Section 8 of article 16 of the Constitution of the state of Pennsylvania (1873) is as follows:

"Municipal and other corporations and individuals invested with the privilege of taking private property for public use shall make just compensation for property taken, injured, or destroyed by the construction or enlargement of their works, highways, or improvements, which compensation shall be paid or secured before such taking, injury, or destruction."

In Delaware Co.'s Appeal, 119 Pa. 159, 13 A. 62, "a landowner filed a bill to restrain the county commissioners from the erection of a new bridge, wholly within the lines of the old bridge and public roadway. Held, that as damages for whatever injuries were suffered were within section 8, art. 16, of the Constitution, (Pa. 1873), and recoverable in an action at law, with sufficient security in the power of municipal taxation, the bill should be dismissed."

Section 9, art. 3, Const.

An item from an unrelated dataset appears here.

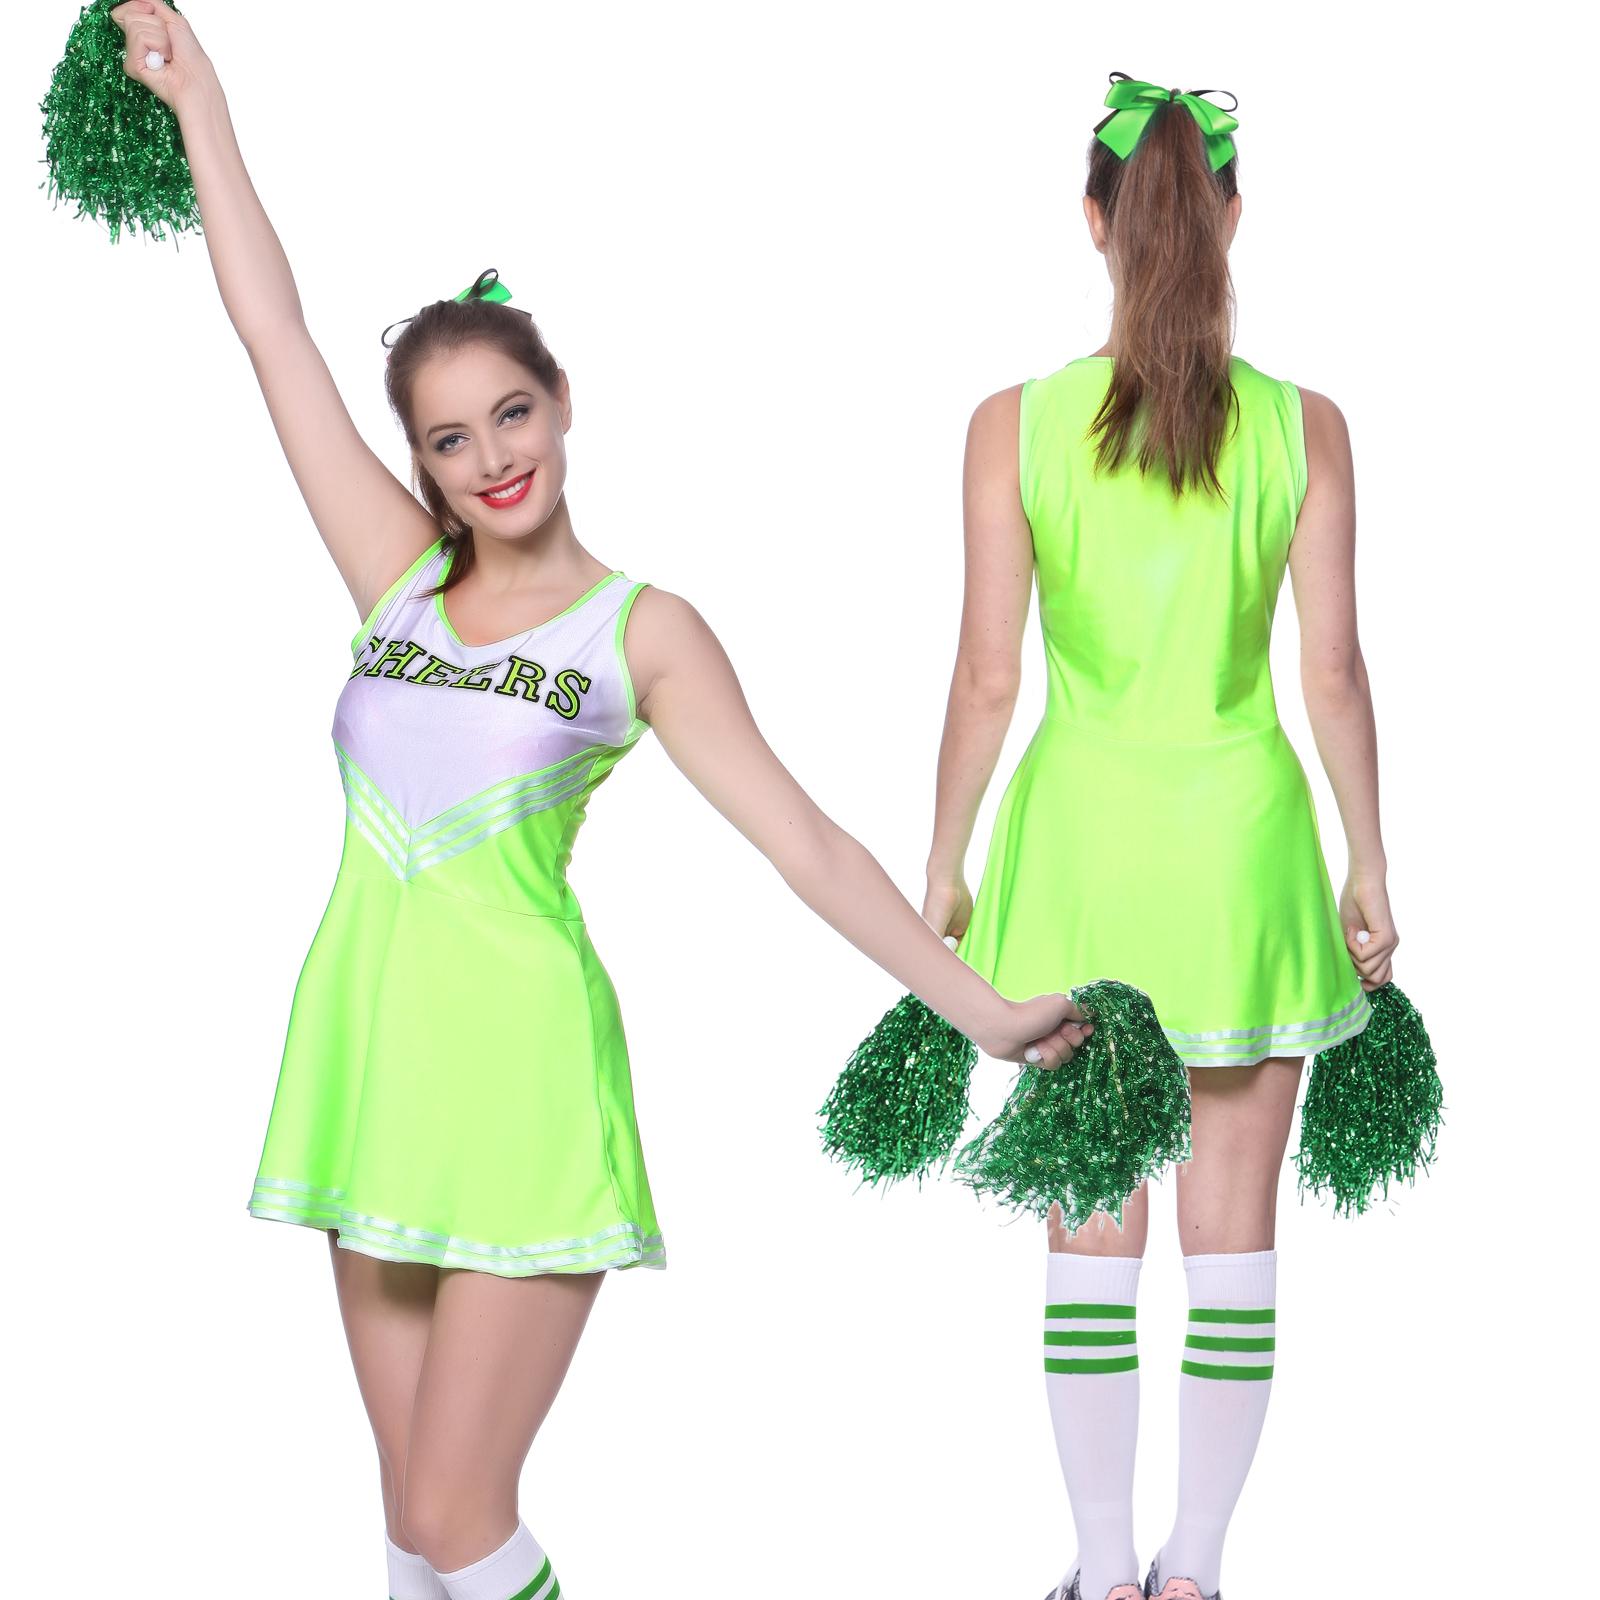 Poms Uniform 13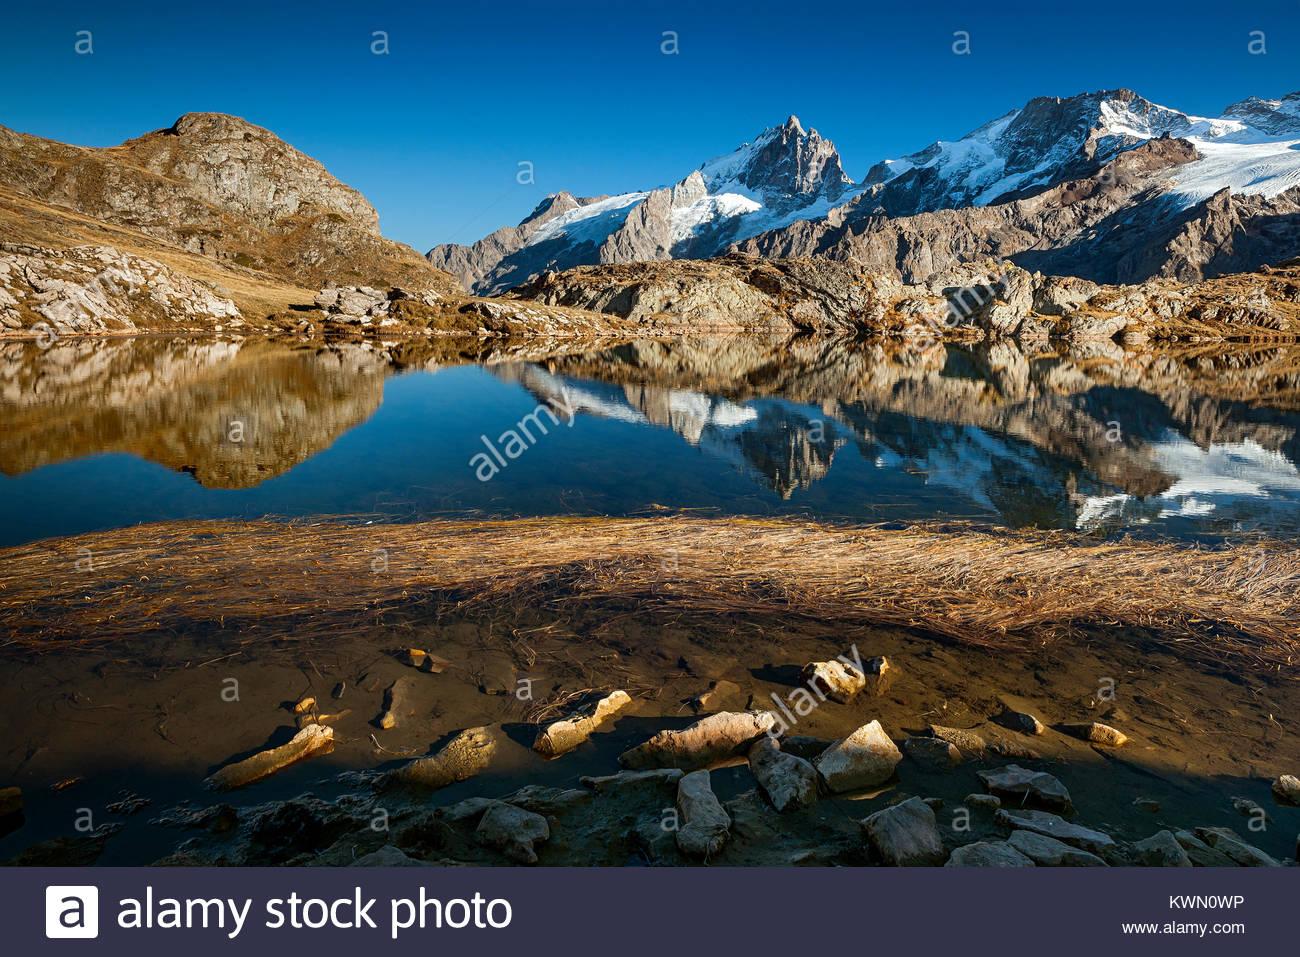 Lake Lérié reflecting La Meije north face in Oisans (Alps - France) Stock Photo

W. Va. 1872, is as follows:

"Private property shall not be taken or damaged for public use, without just compensation; nor shall the same be taken by any company, incorporated for the purpose of internal improvements until just compensation shall have been paid or secured to be paid, to the owner. * * *"

In Spencer v. Point Pleasant Ohio R. R. Co. et al., 23 W. Va. 406, it was held:

"If a railroad company without taking the land damages it by the construction of its road, the owner of such land cannot as a matter of right enjoin said company so proceeding with the construction of its road till such damages are ascertained, and paid; for section 9 of article 3 of our Constitution, while it gives a right in such case to recover of a railroad company such damages in an action at law, does not give a right to such injunction, as it does not require such damages to be paid or secured to be paid before such damages actually arise by the construction of the road."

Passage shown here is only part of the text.